I agree with Harris’ repeated assertion that libertarian free will is an illusion, or more an aptly an incoherent concept. However to dismiss libertarian free will doesn’t disprove all notions free will, of which there are many. To argue otherwise is like arguing against strict majority rule democracy, dismiss it as untenable and then declaring “democracy is untenable.” Once you move away from the notion of magical free will that gives agents contra-causal abilities which are independent of physics, there’s far less reason to dismiss free will (indeed I don’t believe there is good reason to do so).
What a pseudo-philosopher Harris is - thoughtful circumspection is such a glaring difference between your essay and any of the lectures or essays I’ve hear/read of him. I won’t read his books. Harris is a cipher for a sick society. What is more disturbing is the acclaim or popularity of him in somewhat intellectual circles. His examples used are so toxic and gruesome - he could just as easily explain the position theoretically as choosing a coke or pepsi, but he chooses homicide cases - sophomorically guiding the reader for walks in the murder’s shoes. He is so phony - the latest e.g “while it is sad to see an old man repeatedly punched in the face…” as a lead in to some vacuous supercilious “revelation”, in his blog about martial arts. He is a violent nihilist. It is a disservice to our brains to read Harris. A philosophy degree in neuroscience is such a joke in his hands - gasoline and a match.

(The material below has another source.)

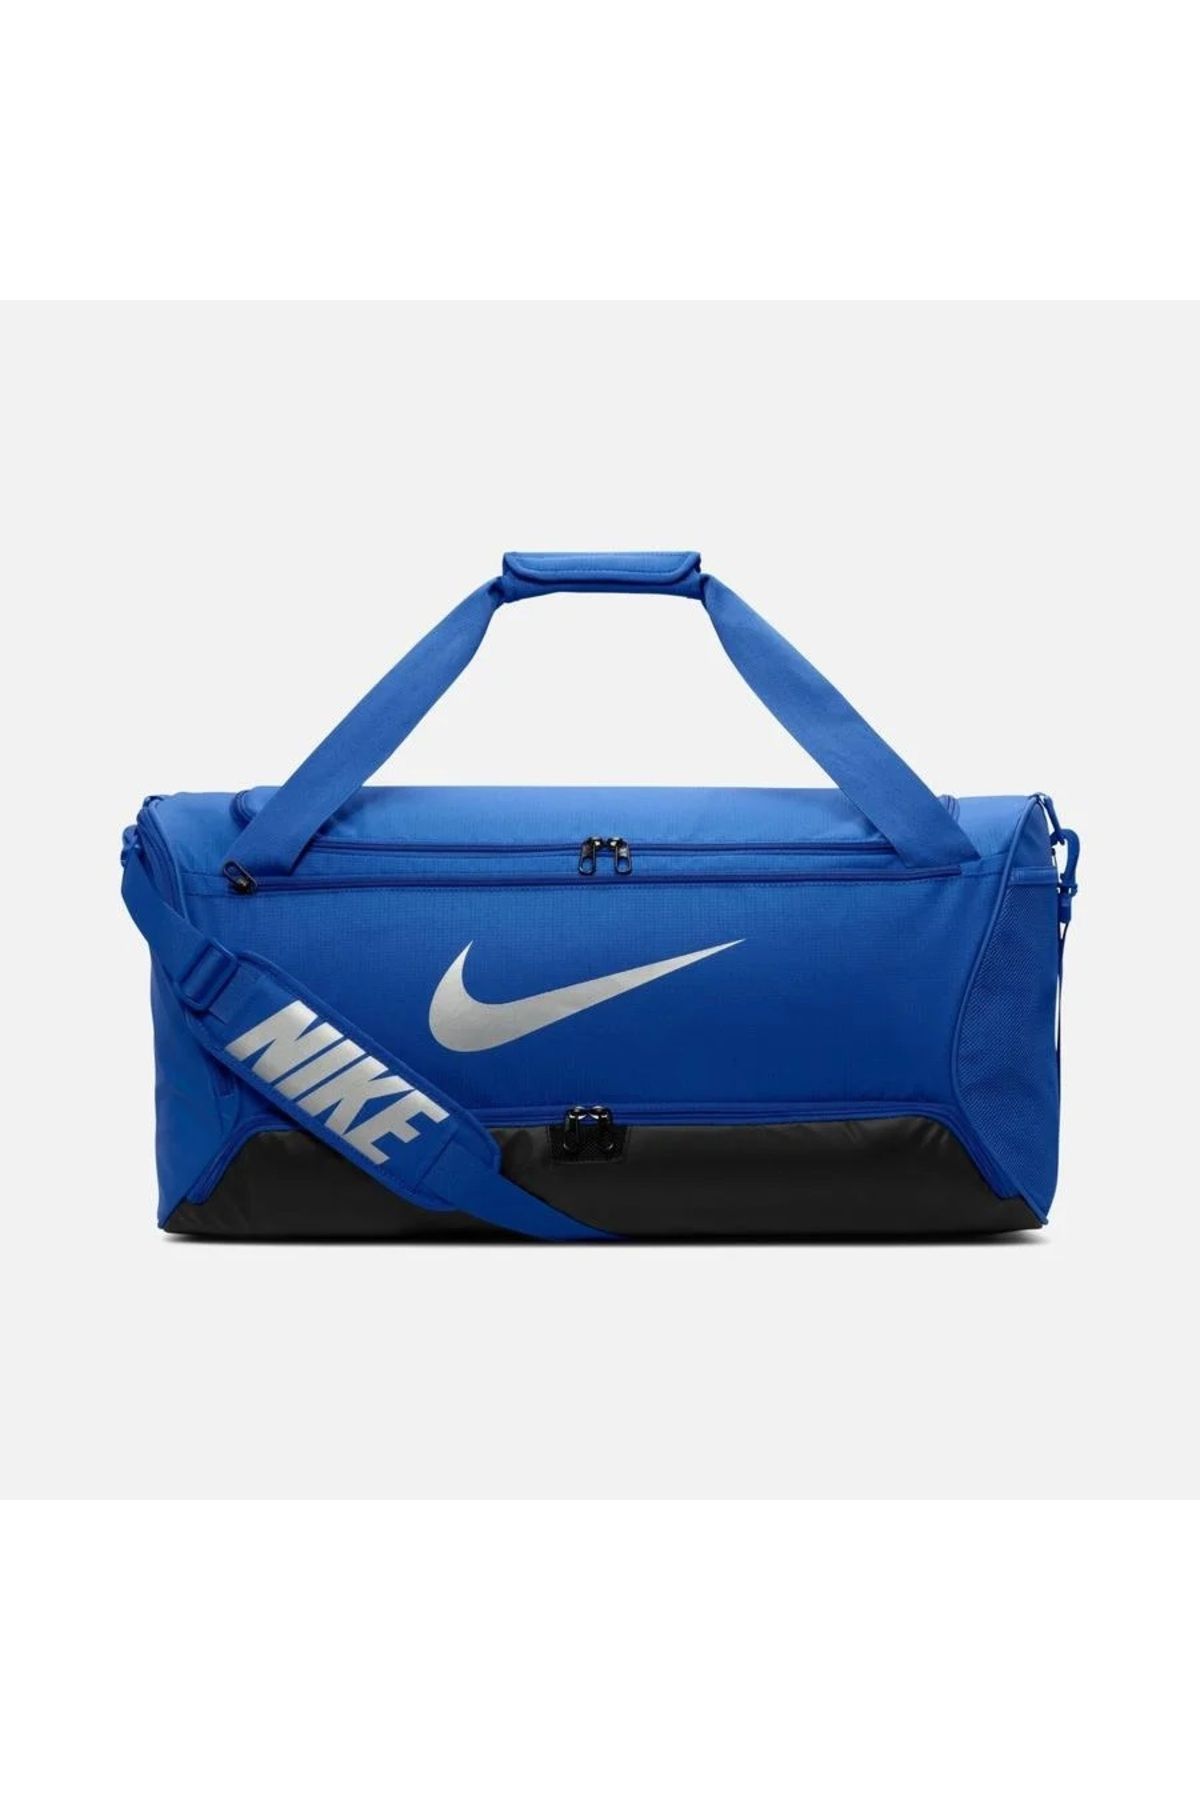 Nike Spor Çantası Nike Çanta M Mavi 60 Cm

Harris’ popularity is the result of people not wanting to do philosophy courses because of the reading and wanting something “practical”, when they finally get around to wanting to know about philosophy and politics through the current scene violent fools like Harris set the table. And its not because of his interest in martial arts I regard him a nonsensically hostile - its his stylings and examples in his philosophical-political arguments. That that dimension goes generally overlooked by people is symptomatic to me of a low grade tolerance of needless hostility in a field.